The monetary system known as fiat money has been steadily established over the previous few centuries and has emerged as the preeminent system worldwide over the previous few decades.
It is defined as “money without inherent worth that is utilized as money because of government edict,” according to a student economics textbook that is frequently used.
To put it another way, printed notes and minted coins (as well as deposits in banks) only have value because the government has recognized them as “legal tender” to discharge the debt. As a result of the government’s insistence that tax payments be made in legal cash, there is a persistent demand for that money.
This is backed by the government’s ability to enforce tax payments in the legal tender through its police and judicial organs. That is why the monetary system based on fiat money is referred to as “fiat” or government-backed money.
Money issued by governments was first made of metal, as precious metals can be used to produce equipment and goods, functioning as capital commodities. In this respect, paper currency is a form of representative money that does not have any value in itself but can be exchanged for metal coins with value.

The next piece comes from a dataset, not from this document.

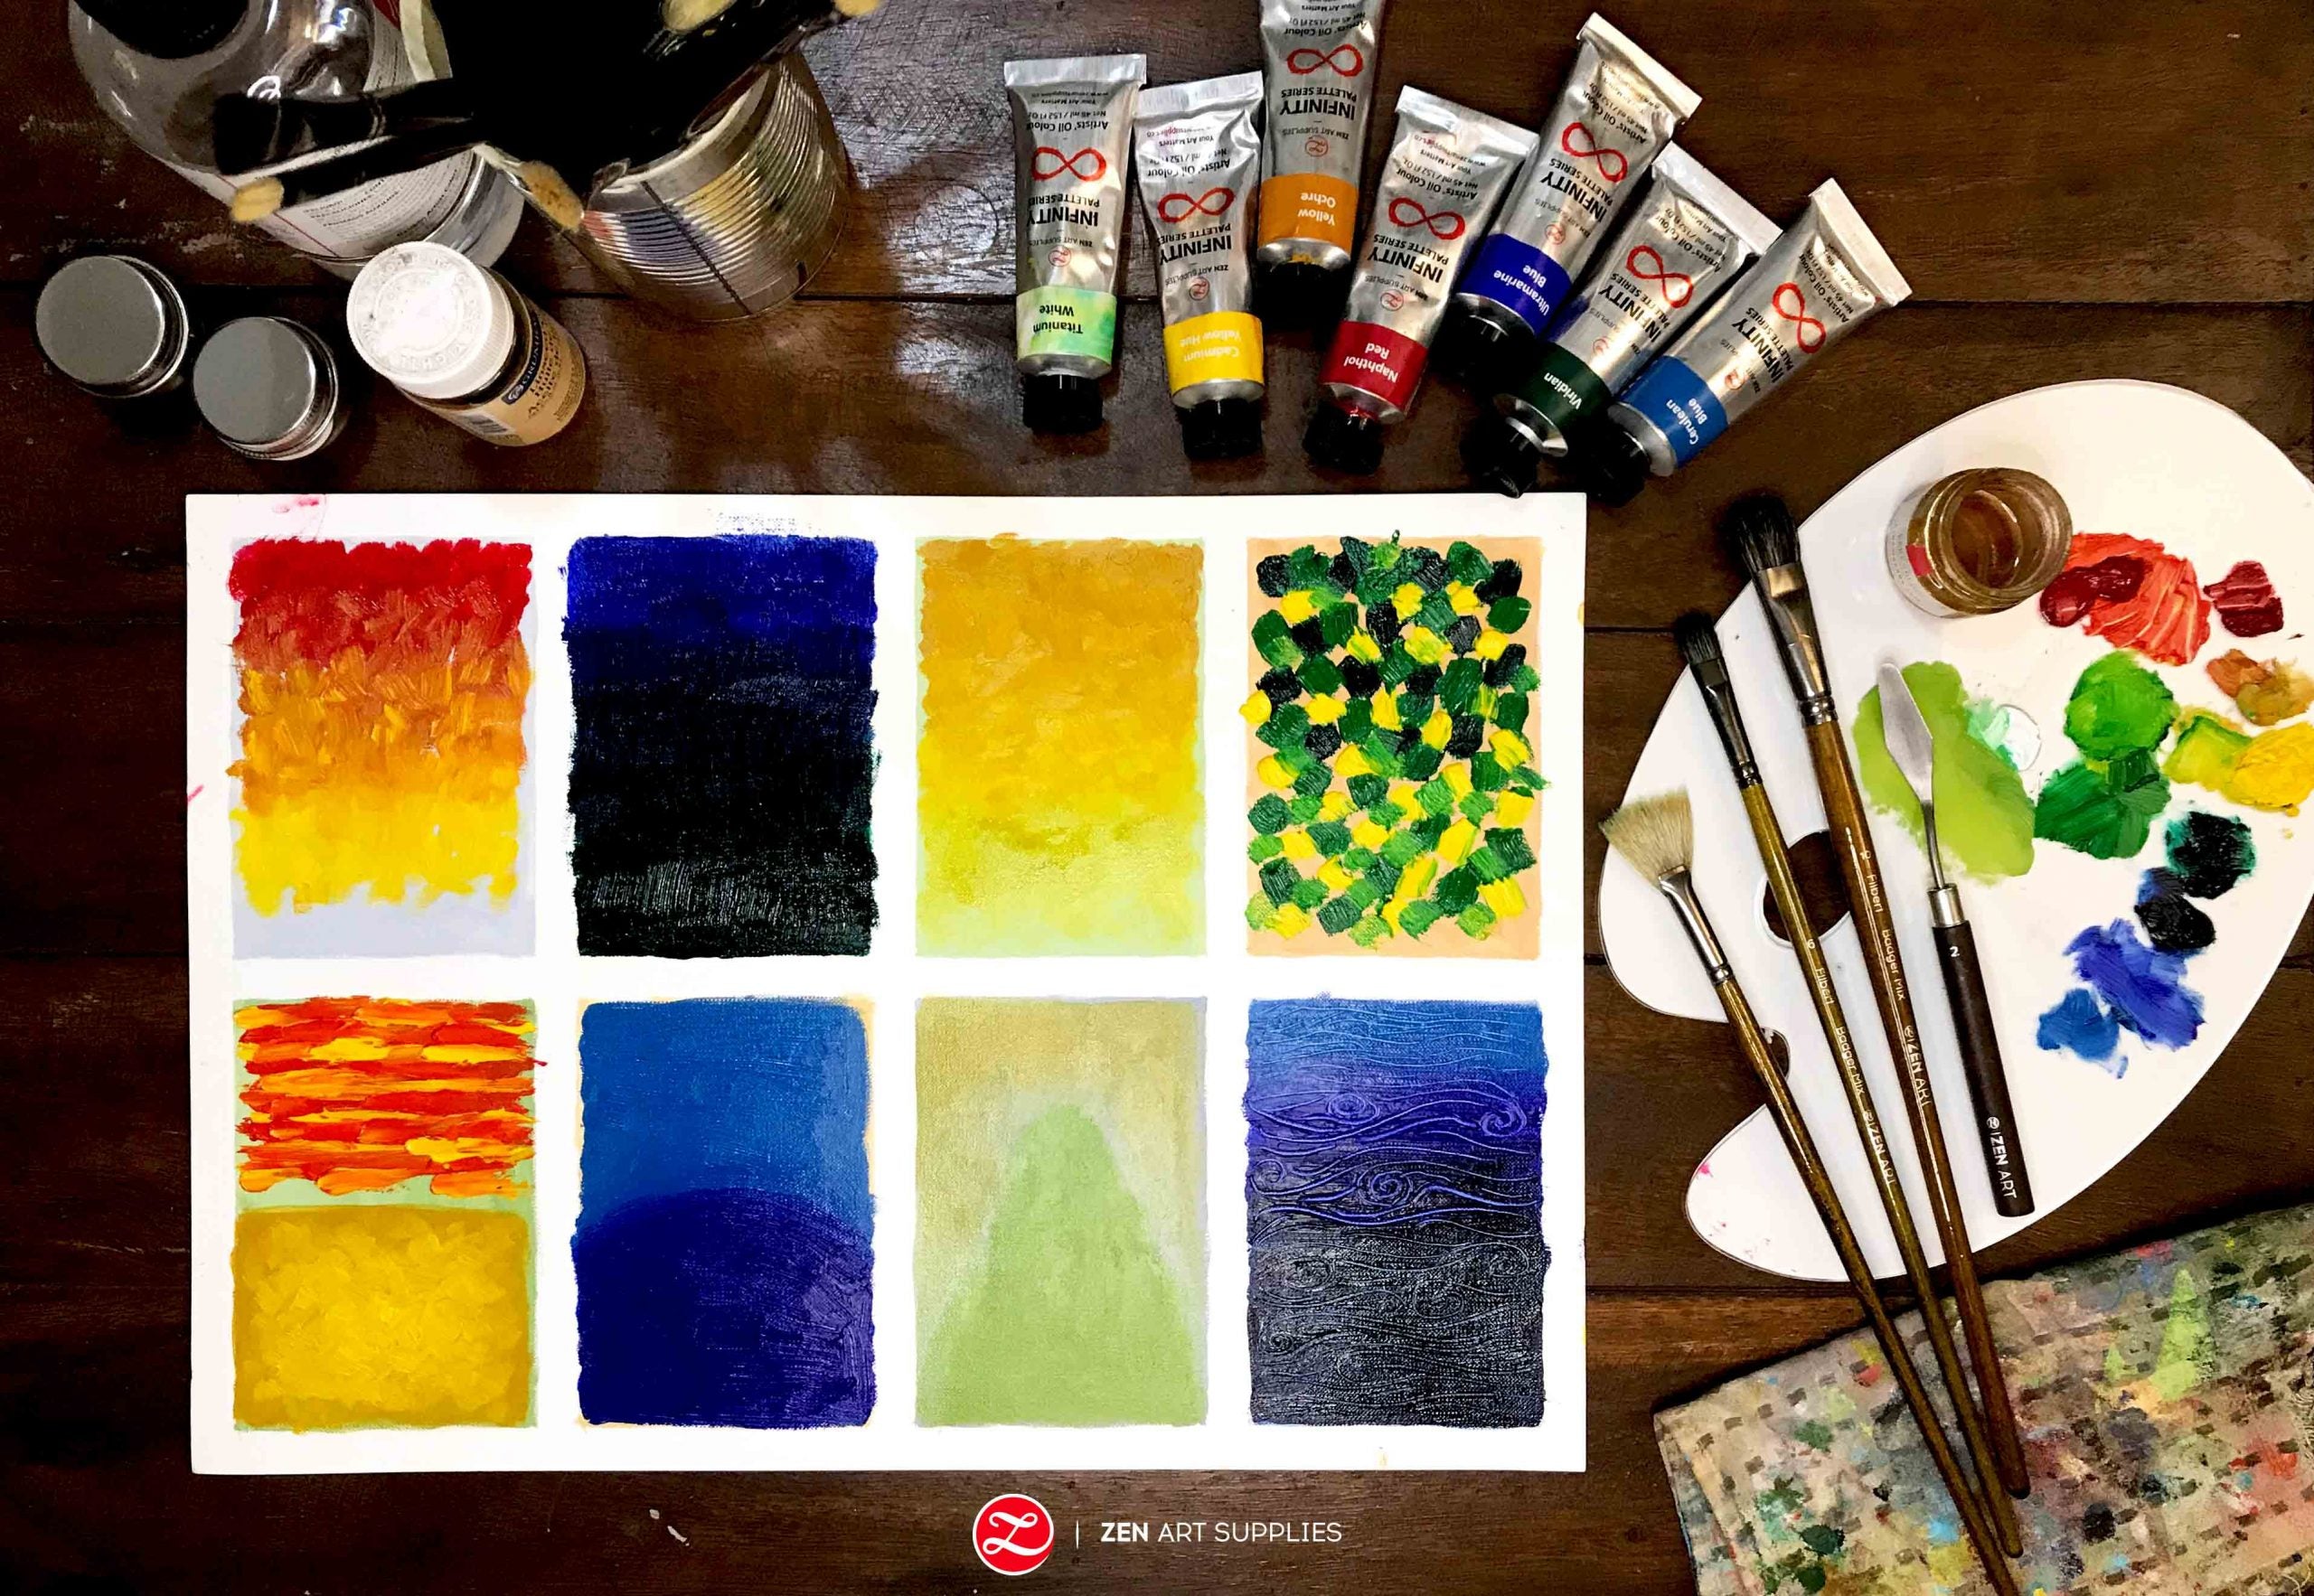 Best watercolour brush stroke - simple exercises to master your brush

Conclusion: A History of Money
Money has come a long way over the past few centuries. Though we have yet to get to where everyone uses digital currency, we have come far. What was once a bartering system has progressed into the modern banking system that everyone relies on.
The only difference is that along the way, people have created money out of thin air in exchange for goods and services. One form of money has transitioned into another over time, and now we are on the brink of another transition. It will be interesting to see how digital currency changes the way we use money in the future.